One of the key features of MedModular rooms is that they can be built with negative pressure, meaning the rooms can be customized to include a ventilation system that prevents contaminated air from escaping. The Centers for Disease Control (CDC) recommends the use of negative-pressure rooms to prevent airborne viruses like Ebola from spreading to hospital hallways and corridors.
Annmarie Papa, vice president and chief nursing officer at Einstein Medical Center Montgomery, says negative pressure rooms could be important to containing coronavirus in treatment rooms and keeping healthcare workers safe.
“Negative pressure rooms would be preferred when you’re intubating a patient or when you’re giving particular types of respiratory treatments that would generate aerosol,” she said. “We do everything we can to keep COVID-19 patients in private rooms, in isolation, especially when they’re really critically ill. The best thing you can do is try to keep it contained.”
With 1,315 confirmed positive cases as of March 31st (87 of whom have been hospitalized), Philadelphia has yet to see the patient volumes that cities like New York have been completely overwhelmed by. At the moment, Philly nurses say they’re doing more prep and procedure adjustments than actual caring for COVID-19 patients in the ER. Bon Ku, an emergency medicine doctor for Jefferson Health, says he’s keeping in touch with his doctor friends in New York to get guidance on what to expect in the weeks ahead.
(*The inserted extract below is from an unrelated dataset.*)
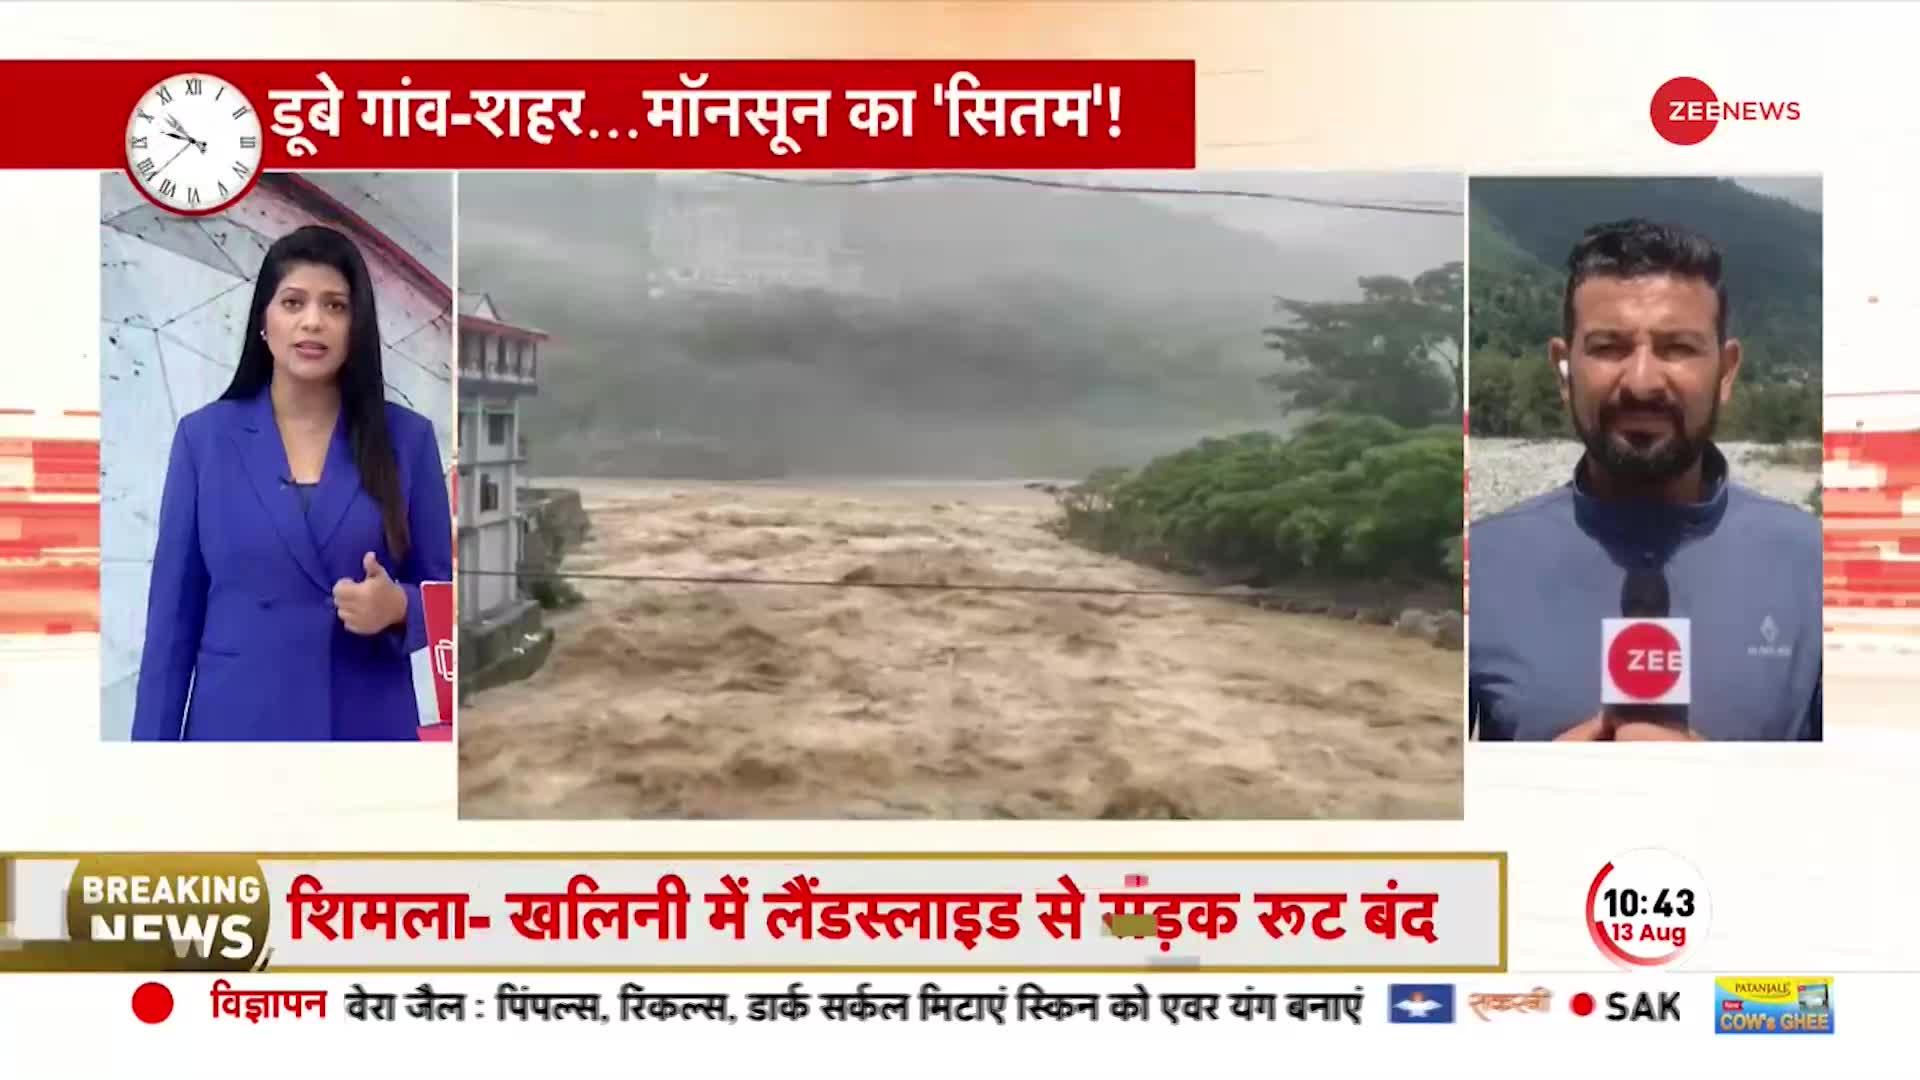 RAIN ALERT: Hiamchal में बाढ़-बारिश से मुसीबत भारी, बारिश का Red Alert जारी

“Many hospitals in the U.S. are at imminent risk of running out of spaces to treat patients because of the influx of COVID-19 patients,” he said. “I speak with my New York City colleagues a lot because I think we’re only one or two weeks away from being where they’re at now. So I’m always talking to them, seeing what their situation is like so we can be prepared. It’s actually been eerily quiet in the emergency department, but I think that’s going to change in a week or so.”
Perhaps the biggest benefit of MedModular rooms is how quickly they can be produced. EIR Healthcare is in talks with several hospitals in the region and across the country about using its rooms. If Philly hospitals decide to pursue this option, Geiger says his company can build as many as 75 rooms in a week’s time.